Drago se lo queda mirando con estupefacción. Y, de hecho, él también se ha sorprendido a sí mismo. ¿Por qué unas palabras tan cortantes? ¿Qué ha hecho el pobre muchacho para merecerlas? «¿Odia usted las cosas que son nuevas?». Parece una pregunta apropiada para un viejo. ¿Por qué sentirse ofendido?

—Hubo una vez en que todo esto fue nuevo —dice, haciendo exactamente el mismo gesto con la mano que ha hecho antes Drago—. Todo lo que hay en el mundo fue nuevo alguna vez. Hasta yo fui nuevo. En el momento de nacer, yo era lo último y lo más nuevo que había sobre la Tierra. Luego el tiempo empezó a hacer mella en mí. Igual que hará mella en ti. El tiempo te consumirá, Drago. Un día estarás sentado en tu bonita casa nueva con tu guapa nueva esposa y tu hijo se volverá hacia vosotros y os dirá: «¿Por qué sois tan anticuados?». Cuando llegue ese día, espero que recuerdes esta conversación.

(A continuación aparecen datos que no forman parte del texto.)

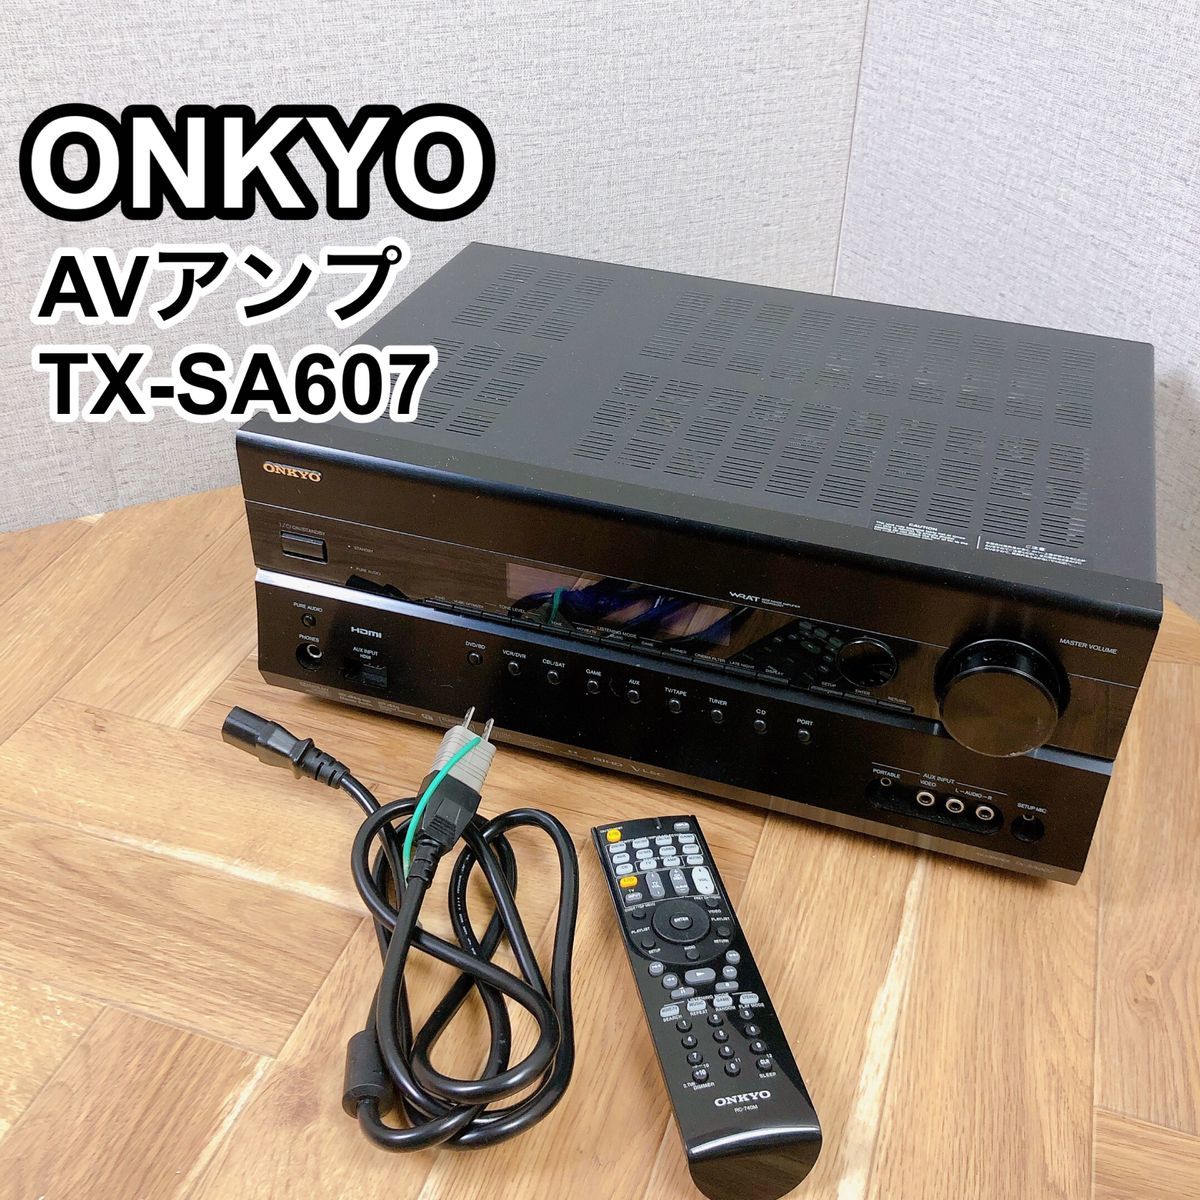 うのにもお得な ONKYO TX-SA607 AVアンプ オンキョー オンキヨー

Drago coge con el tenedor un último bocado de risotto, un último bocado de ensalada.

—Las pasadas navidades fuimos a Croacia —dice—. Mi madre y mis hermanas y yo. A Zadar. Allí es donde viven los padres de mi madre. Ya son muy viejos. A ellos también los ha dejado atrás el tiempo, como usted dice. Mi madre les compró un ordenador y les enseñamos a usarlo. Así que ahora pueden comprar por Internet, pueden enviar correo electrónico y nosotros podemos mandarles fotos. Les gusta. Y son bastante viejos.

—¿Y qué?

—Pues que usted puede elegir —dice Drago—. Es lo único que estoy diciendo.